>>

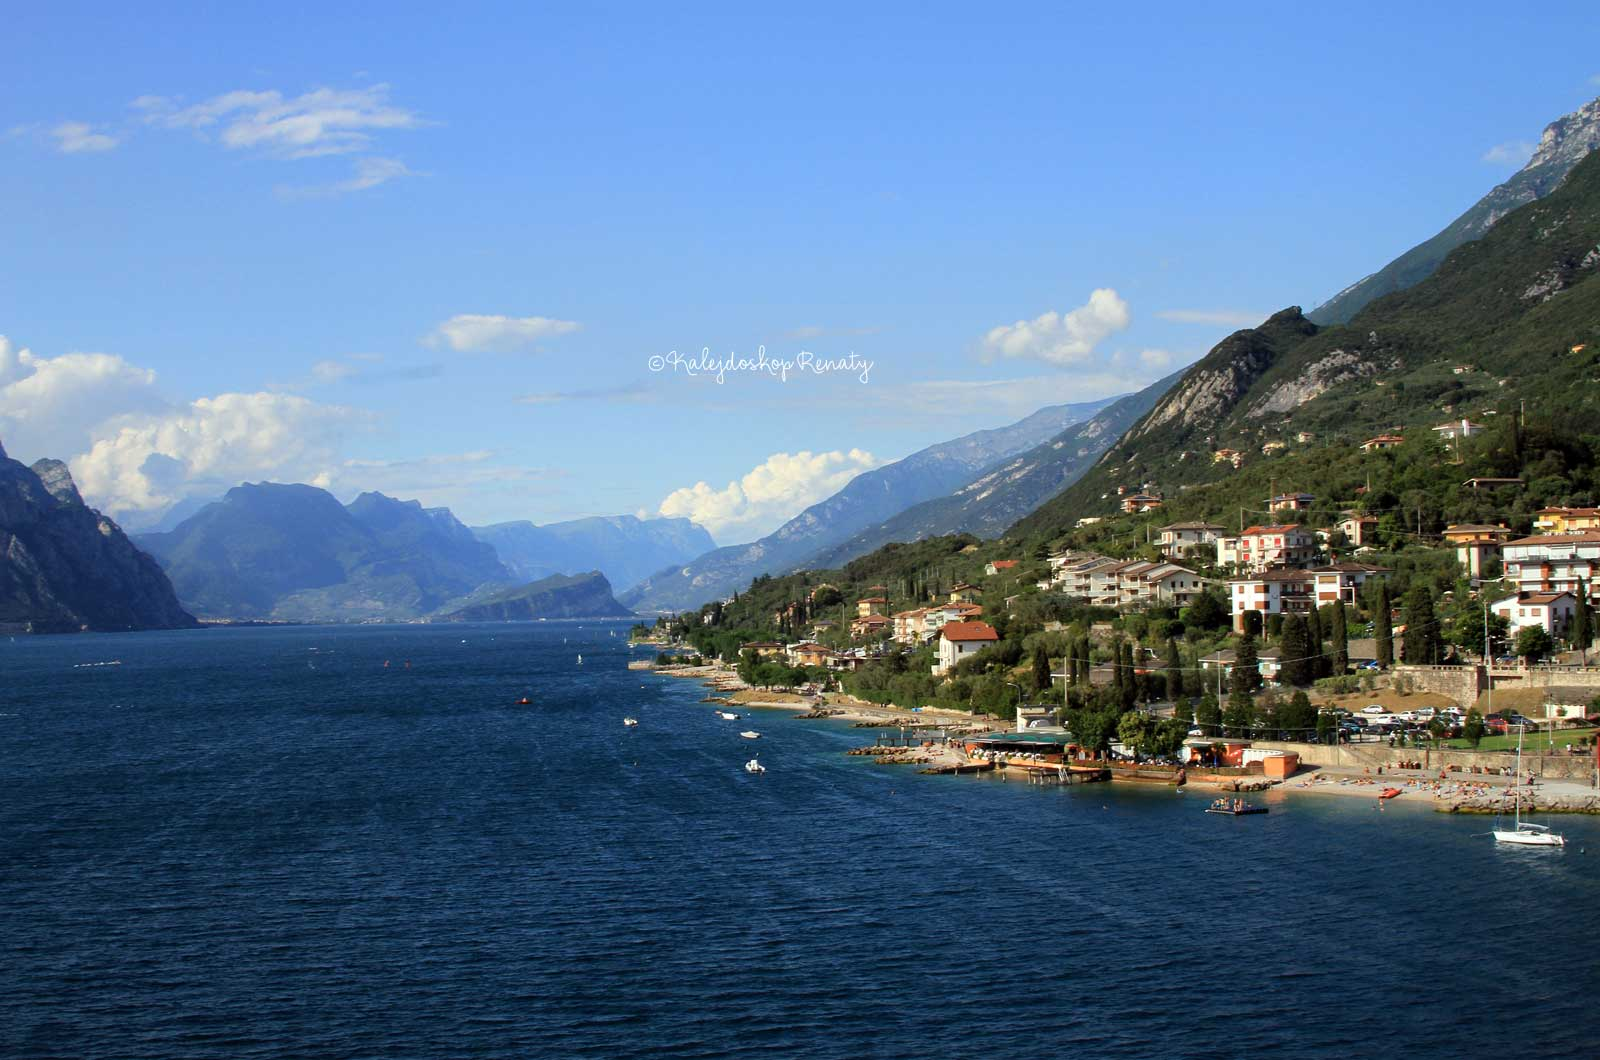 Jak dojechać transportem publicznym nad jezioro Garda? Sprawdź jak najlepiej przemieszczać się pomiędzy miasteczkami. Poznaj dostępne środki transportu publicznego. Co trzeba wiedzieć ? Ile kosztują bilety ?
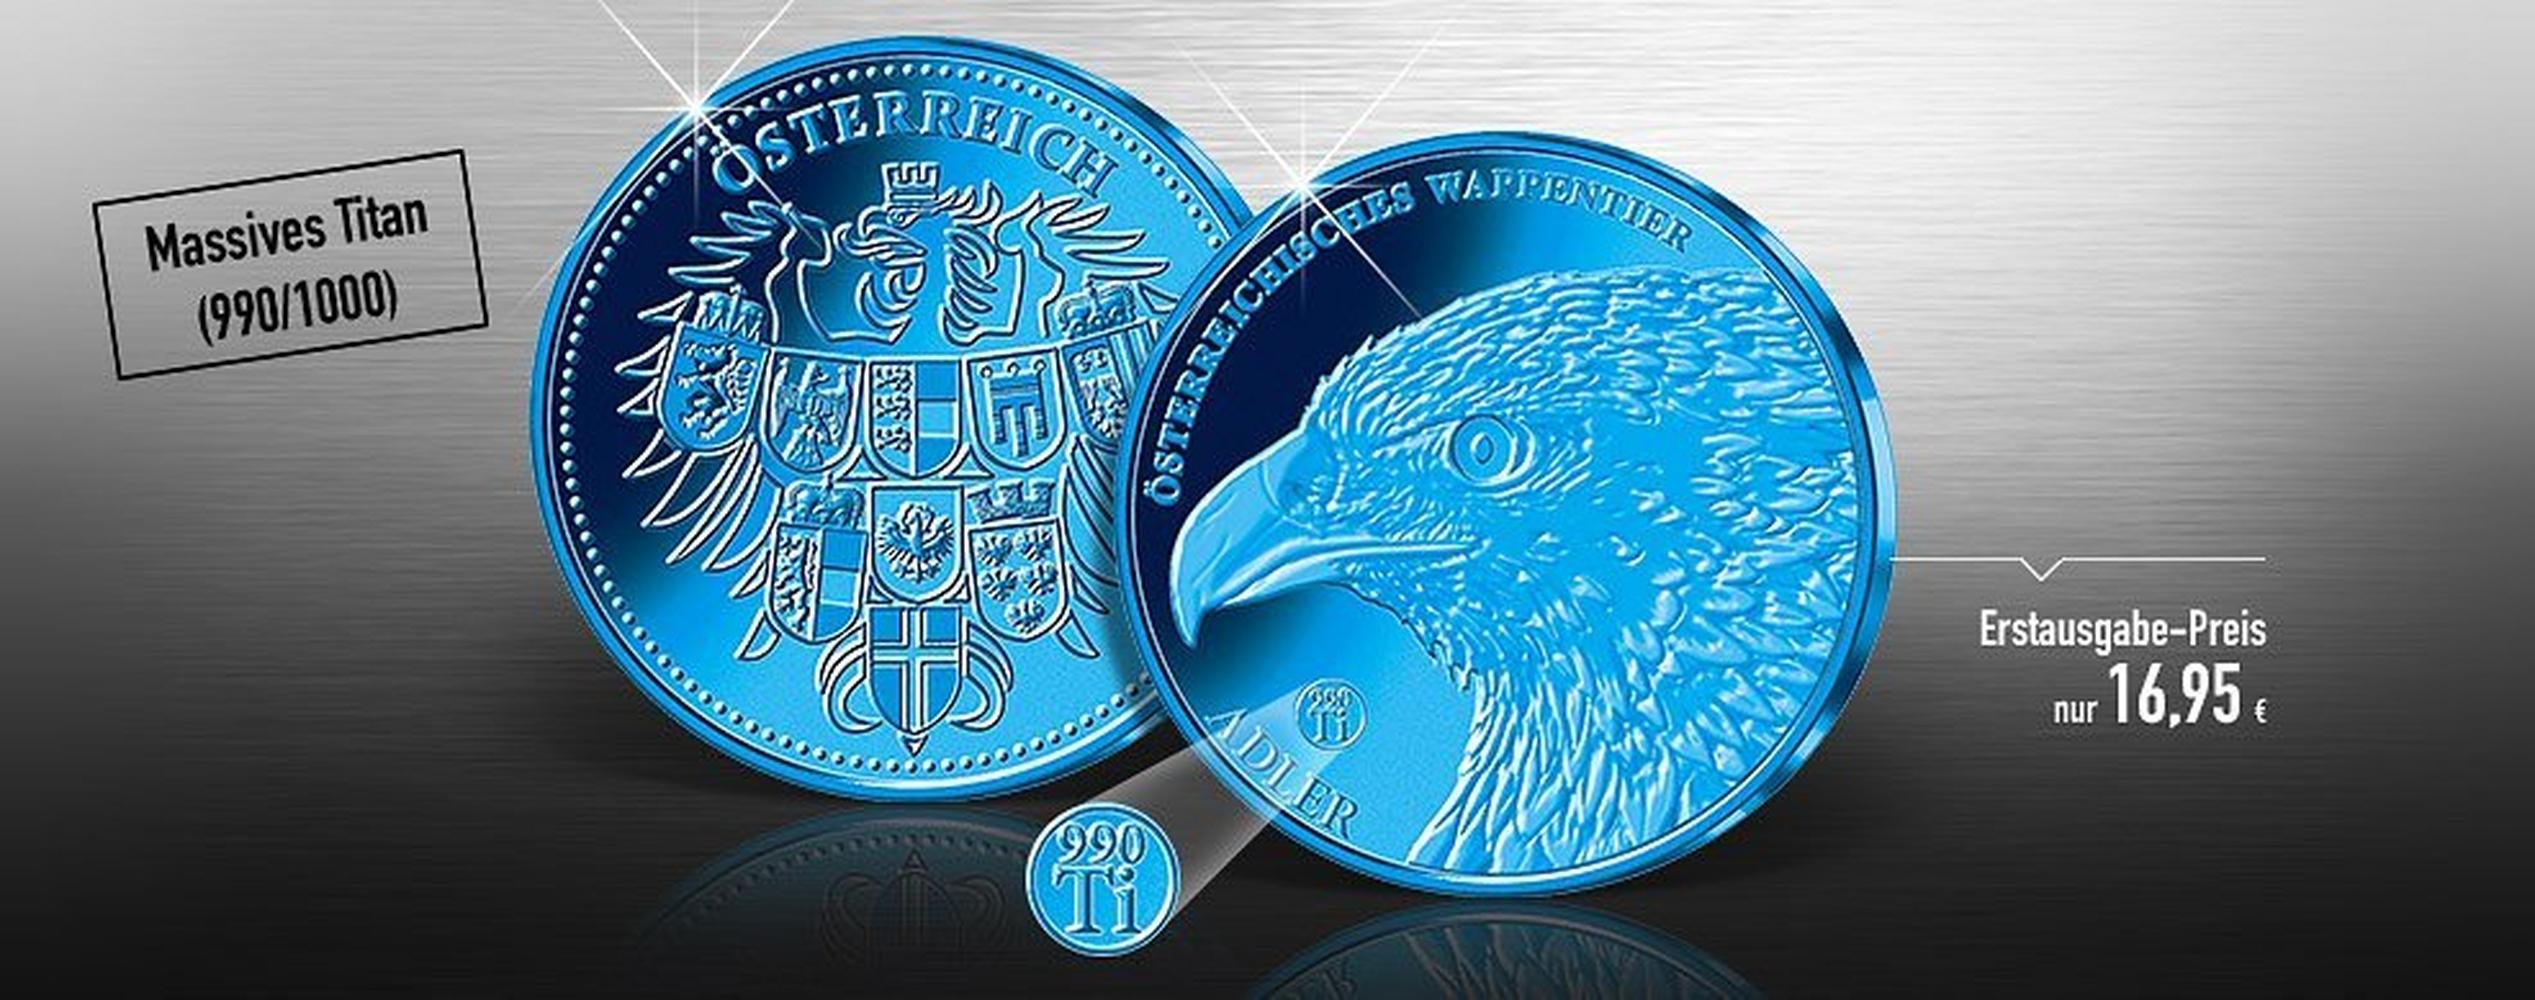 Sonder Prägung Aus Blauem Titan Zu Ehren Unseres Wappenadlers Imm
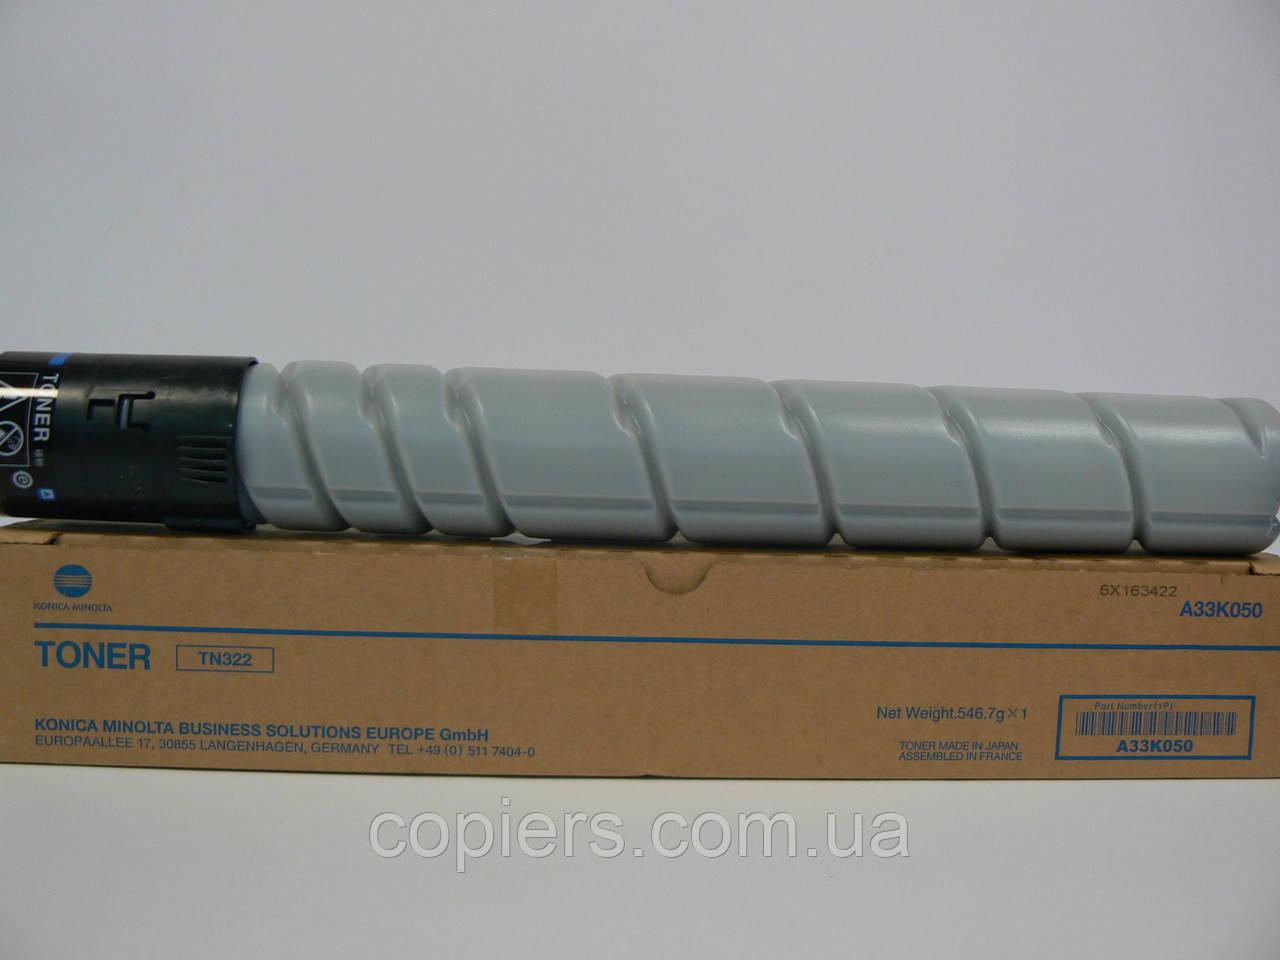 TN322 тонер A33K050 Konica Minolta Bizhub 224e/284e/364e оригинал tn-322K
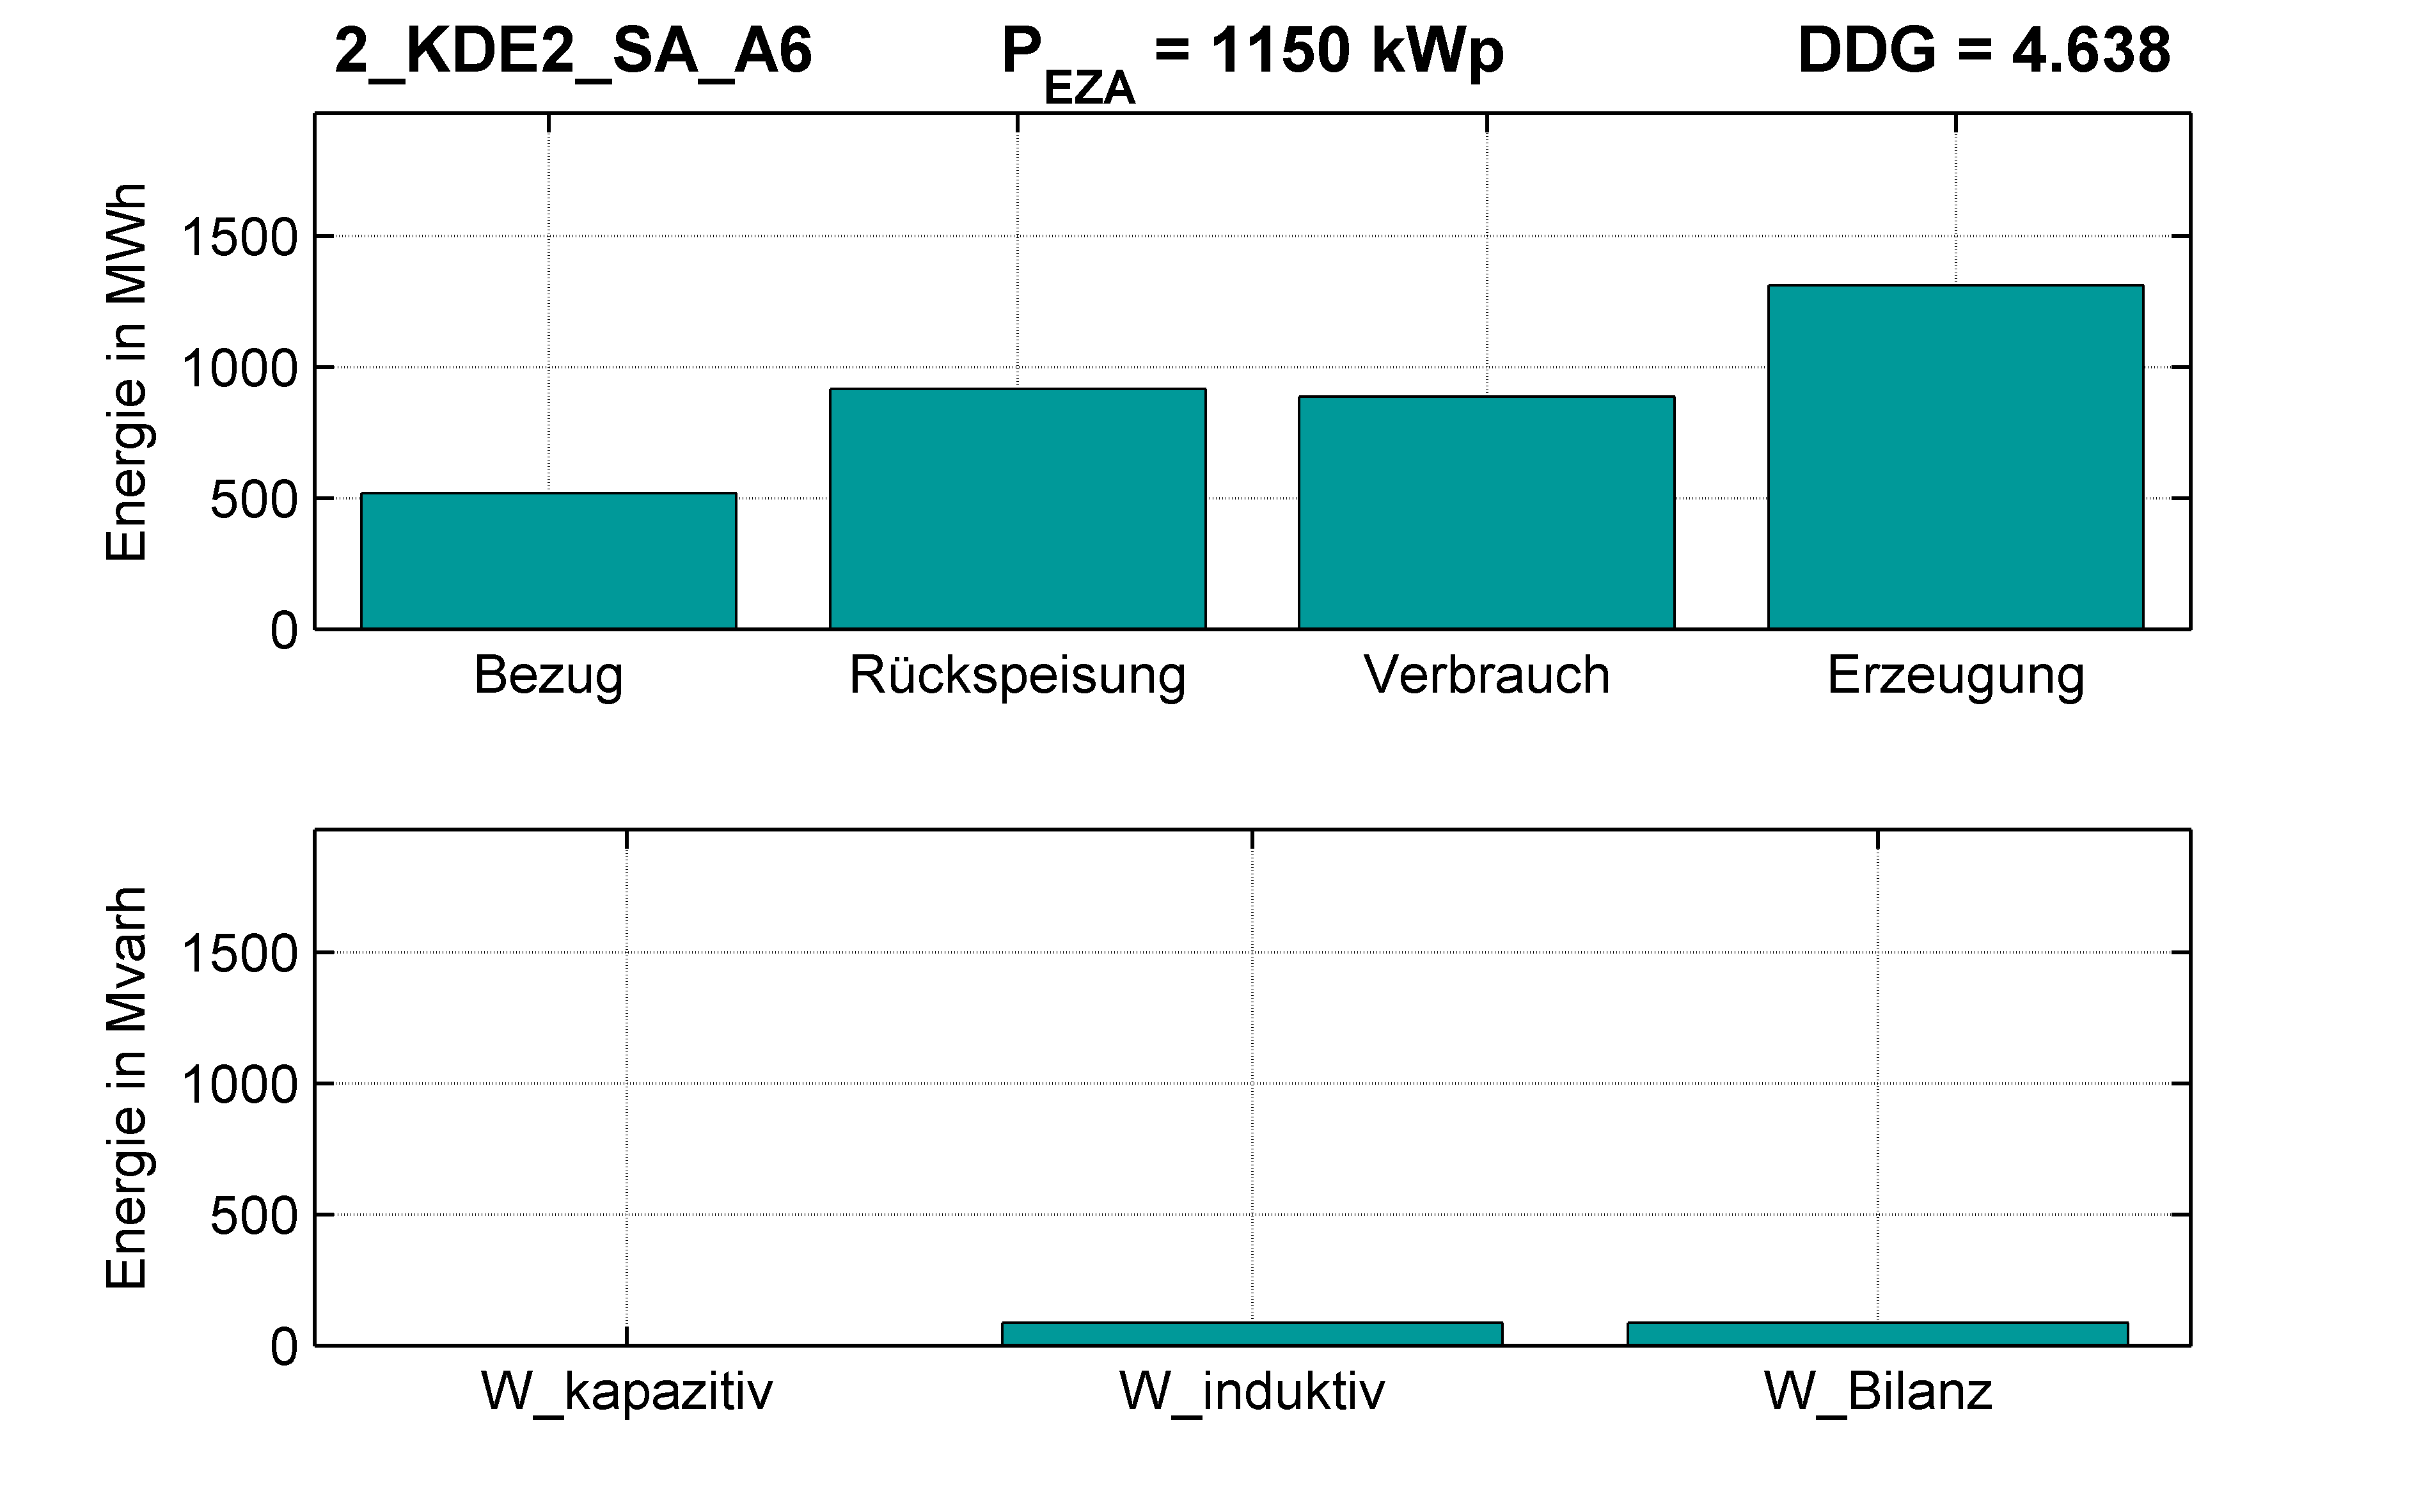 KDE2 | P-Kappung 85% (SA) A6 | PQ-Bilanz

<<

EXERCISE INSTRUCTIONS. Please give again, word for word, the lines from the one containing "TN322 тонер A33K050" through the last line of the listing above, inclusive, and leave out pictures.

RESULT FOR THIS EXERCISE.
 TN322 тонер A33K050 Konica Minolta Bizhub 224e/284e/364e оригинал tn-322K
 KDE2 | P-Kappung 85% (SA) A6 | PQ-Bilanz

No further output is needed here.